C’était le 28 juin, un dimanche à la campagne, organisé par deux amis originaires du même village de l’Yonne. Toute la journée, une forte pluie était tombée sur la fête, mais on avait mangé, ri et bu, on était même allé se promener dans la boue du chantier du futur TGV qui allait passer non loin de là. A un moment j’avais improvisé un refrain sur ma guitare “Merci Bébert, merci Lucien / On se souviendra du 28 juin / Du 28 juin 80”, et l’assemblée l’avait repris en choeur.
Bébert c’était Bertrand et Lucien s’appelait Jacques, mais comme Bertrand chantait tout le temps à Jacques la chanson de Piaf “Quelle chance que t’as d’avoir Lucien un bon copain comme moi”, tout le monde avait fini par l’appeler Lucien. C’étaient deux amis d’enfance, les meilleurs amis du monde. Un jour ils se sont brouillés, ne se sont jamais revus, la vie est parsemée de ruptures obscures et d’imprévisibles bifurcations, mais il reste cette journée, joyeuse et pluvieuse, dont on avait dit (pourquoi?) qu’on se souviendrait, et quand tant d’autres, moins lointaines, ont sombré dans l’oubli, celle-ci, trente ans plus tard, en effet on s’en souvient…

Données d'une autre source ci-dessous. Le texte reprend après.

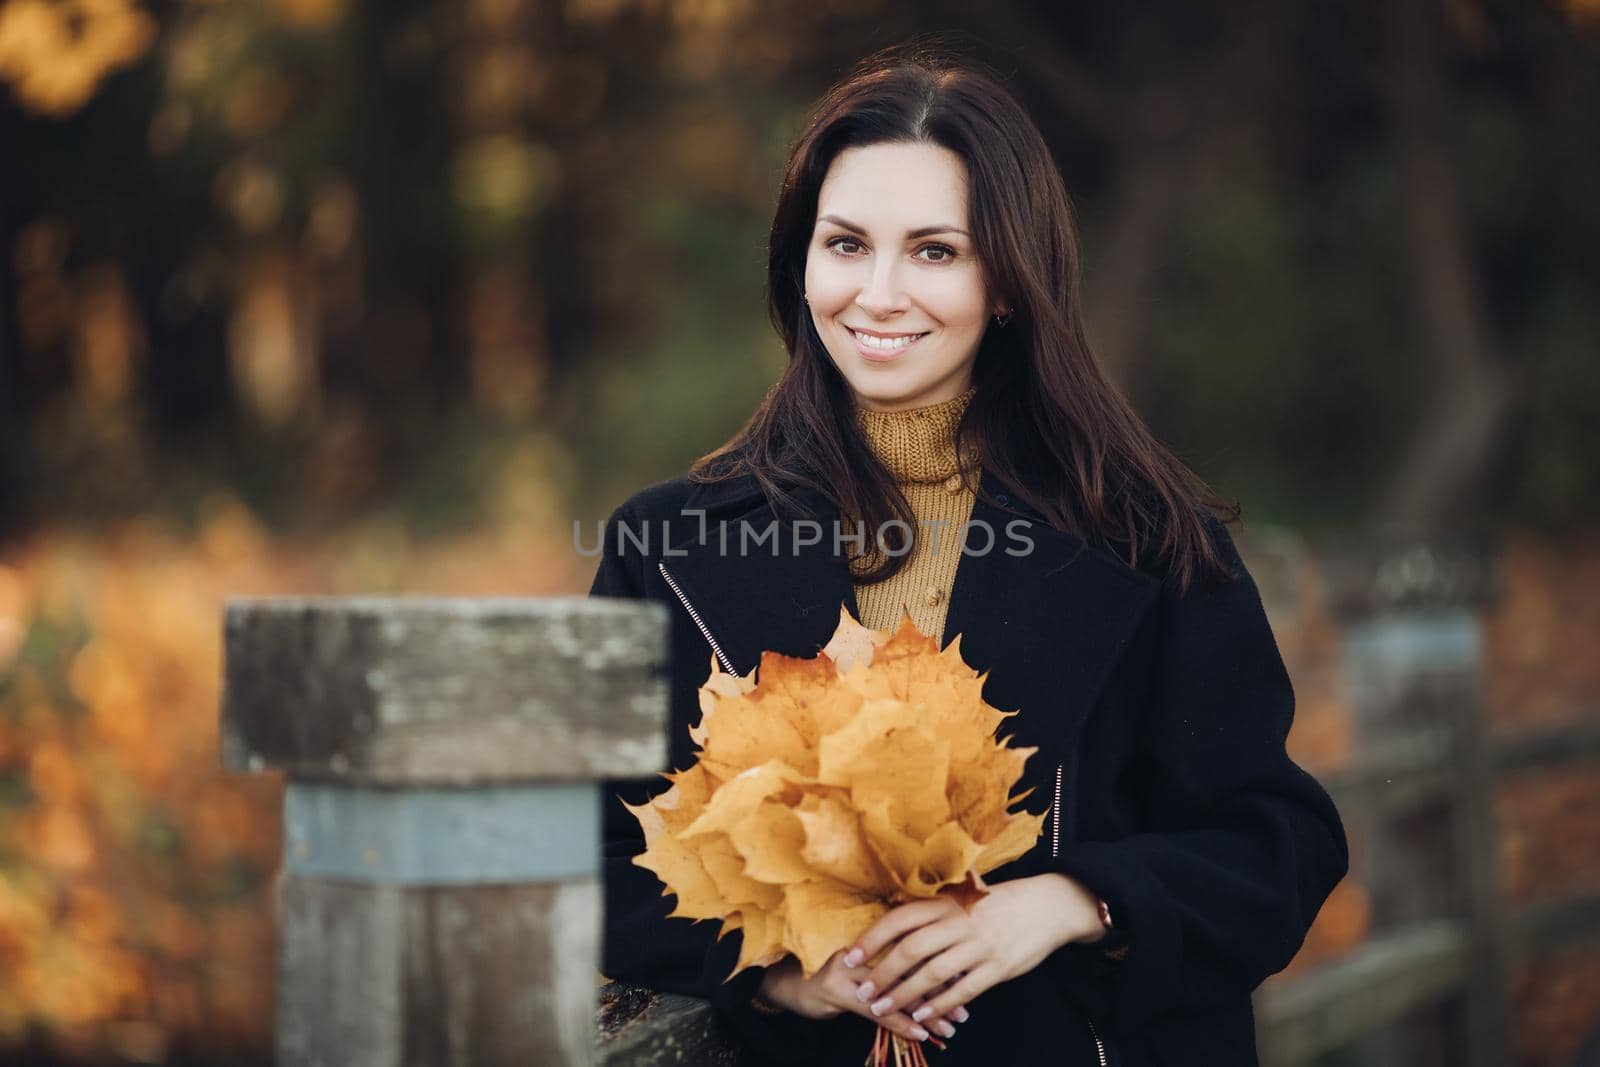 Cheerful young caucasian female with dark hair in brown blouse and black coat smiles outside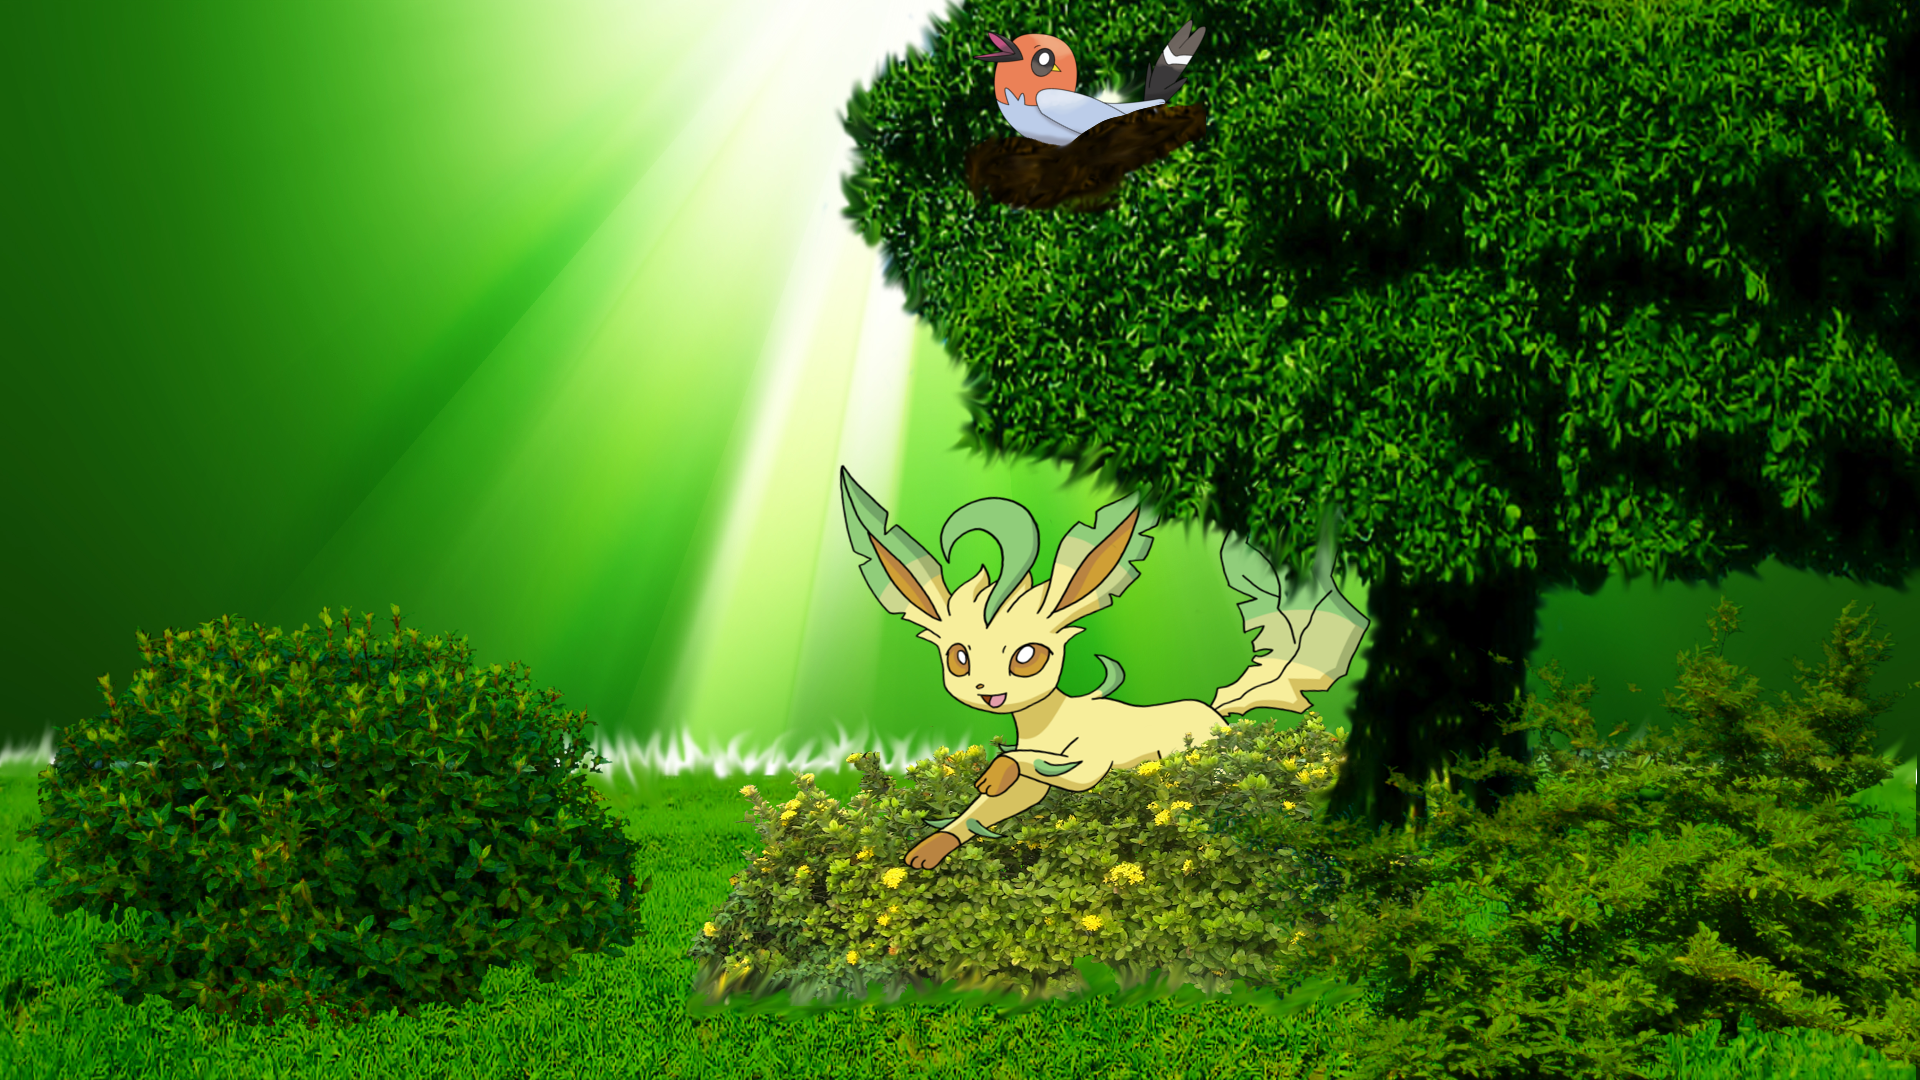 Leafeon Wallpapers

C’est gai comme un vieux film des années 30, “La Belle Equipe” de Duvivier par exemple, quand Gabin chantait les promenades au bord de l’eau. C’est triste comme la chanson de Prévert, comme si en
ce 28 juin, dont je me suis surpris moi aussi à fredonner hier ton petit refrain, les feuilles mortes se ramassaient à la pelle…Celles de la jeunesse passée et des amitiés mortes.